Ava
I’ve been in this storage container for well over three hours, and there are still dozens of paintings to unwrap. Every time I move from the swivel chair that the man at the front desk rolled out to me when he saw me sitting crisscross applesauce on the cement, a small tornado of dust swirls in the air above me in the glow of the single light bulb. The musky scent of things left too long in darkness still pervades the space despite the fact that I have the red garage door pulled all the way up on its track to let in as much natural light as I can. Every time my fingers peel back the edges of the butcher paper to reveal my mother’s work, a mixture of grief, guilt, and awe sweep over me, and I force myself to remember that we all heal at different times. It might have been a crime to keep these paintings locked up, but now I’m ready to get them out into the light.
I glance at the first row leaning to my left. This pile is for my dad. Sweeping landscapes of the places they traveled together, portraits of me and him that I can remember complaining about and squirming away from while she laughed at my impatience, and beautiful still moments of our family home, painted in a way that makes me think she dipped her brush in love and caressed the canvas while she created them. There isn’t a question that they belong with him.
Pile two is for Urbino and Alessandro. This pile might be the most difficult for me to part with, but there are so many paintings filled with the essence of Italy that it feels wrong for them to exist anywhere else. Each person who touched her life—and my life—will receive one, and this feels like the least I can do after they opened their arms to me without hesitation. My heart aches with every painting I stack atop this pile, but when I unwrap the piece that I know immediately belongs to James, that ache cascades out of my heart and into my chest like rapids after a dam release.

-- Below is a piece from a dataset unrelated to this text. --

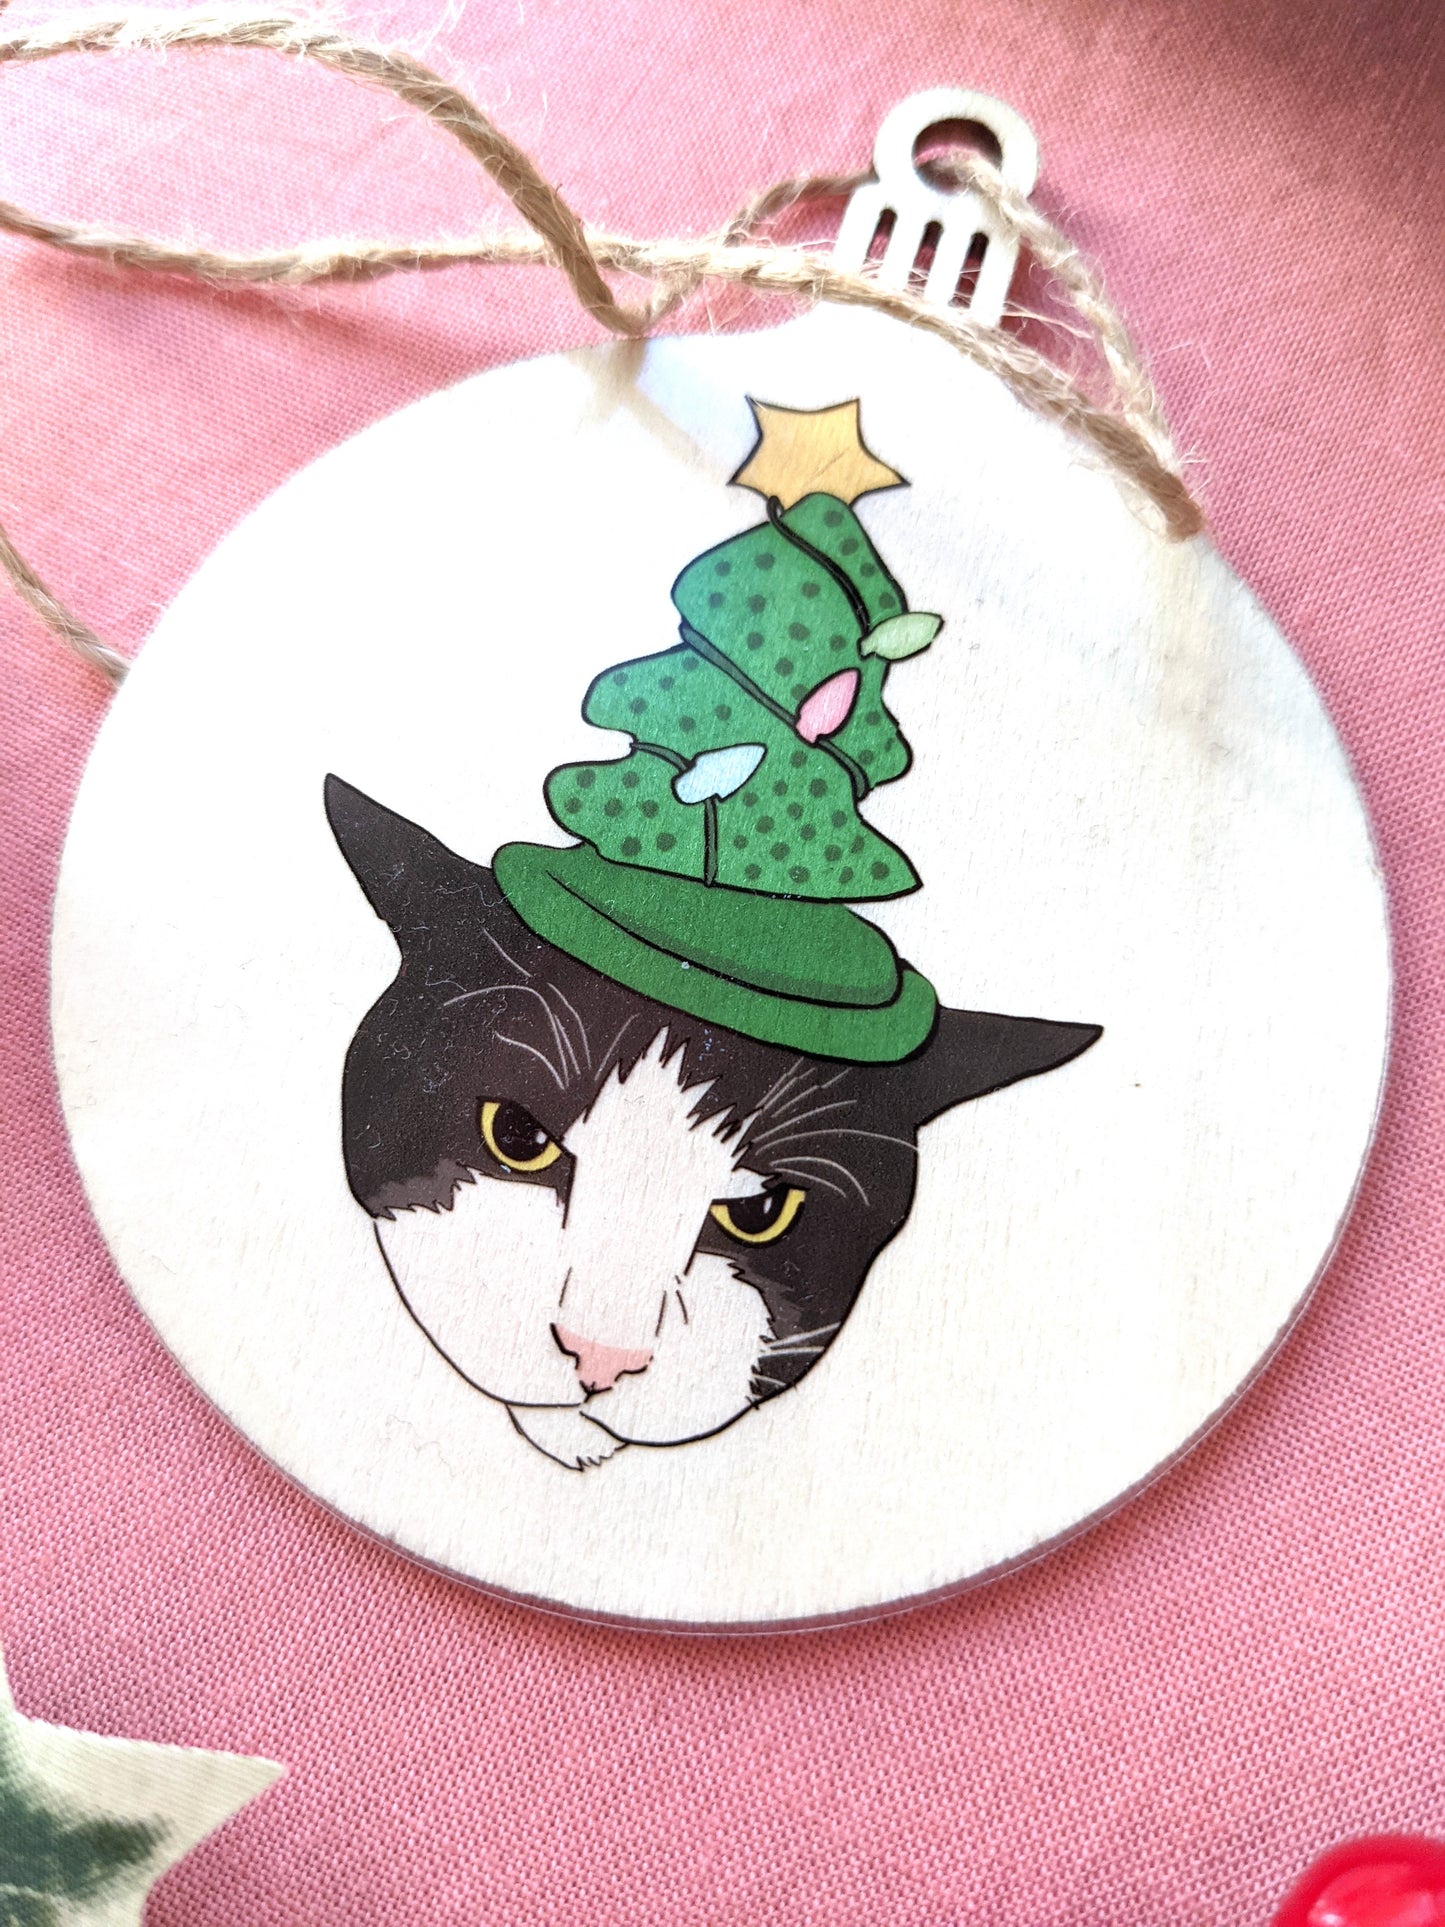 Pet Portrait Christmas Ornaments

It’s the perfect complement to the painting of Urbino that hangs in his kitchen. The point of view is identical, the angles exactly the same, but where the sky was an eggplant-colored bruise, now it bursts with the brightest cerulean blue. And where the ground was shrouded in snow and the stones looked gray rising from it, now an emerald green covers every inch of the earth and the stone is the softest pink, the same color I touched my first time in town when I ran my hand along that archway. Urbino Under Sun. I can see it hanging directly across from his Nonna’s counterpart in his apartment, that space that made me feel like I was drowning in him.
I run my finger over the soft brushstrokes and imagine that James can feel my fingers wherever he is, then I place it in the Italy stack and shove all that pain back into its bottle and pick up the next painting.
My fingers slip under the brown paper, and I gently peel back the edges, exposing my mother’s soft wide strokes underneath. Immediately, I recognize the familiar rise and fall of Urbino’s twin towers painted from the main entrance of town, the angle from below instead of from the hills beyond. But in the center of the towering fortress there is a woman standing beneath the arch, staring up into the city. She’s just a silhouette, made of dark lines and shadow, but I know with every inch of reason I possess that she is me—that my mother painted her final wishes—her dream for me to experience what she did.
Ava and Urbino.
Her beautiful curving title confirms what I already knew, and a shiny splatter appears on the bottom corner of the painting. I lift the painting into the light, knowing that it will go in the pile to the right. My pile—the paintings that will go where I go.
When I go to stack it against the others, my eye catches on a white square taped to the back of the canvas, and I place the painting face down into my lap. The exact postcard she gave me to fill stares up at me, with the image of Urbino that is more familiar than my own reflection. I peel the tape carefully and turn the cardstock over. On the back, my mother’s handwriting fills every square inch and my eyes sweep greedily over her words:
My Ava,
I’ve had this dream for you since I found out you were growing inside of me. Now as I paint it, I realize that this painting might be the only way I’ll get to witness you visiting the place I loved so much. And I need you to know that I’m okay with that.
The lives—yes, lives plural—that I lived were a gift I could have never asked for. Finding Italy, finding my second family and friends there, then finding my art andmyself—that life was never part of the plan. But somehow, I was lucky enough for all of that to find me. And the beauty that came with it—well, words were never my strength. That’s why I paint.
My second life, though, Ava. The one that came with remission and meeting your father and having you, my sweet, stubborn girl—that life blew me away. It humbled me and inspired me. The joy and the satisfaction that you could give me with just the smallest giggle—a million days in Italy couldn’t compare to that sound. You were the dream I never dreamed of, my love. The dream I could never have imagined for myself.
When you look at this painting, Ava, I want you to dream beyond your plans. Beyond the limits of my imagination. Say yes to it all. And always say yes to love. You just never know what life will give you when you let it.
Always with you,
Mom
I put my hand over her words and shut my eyes, then make another promise to my mother.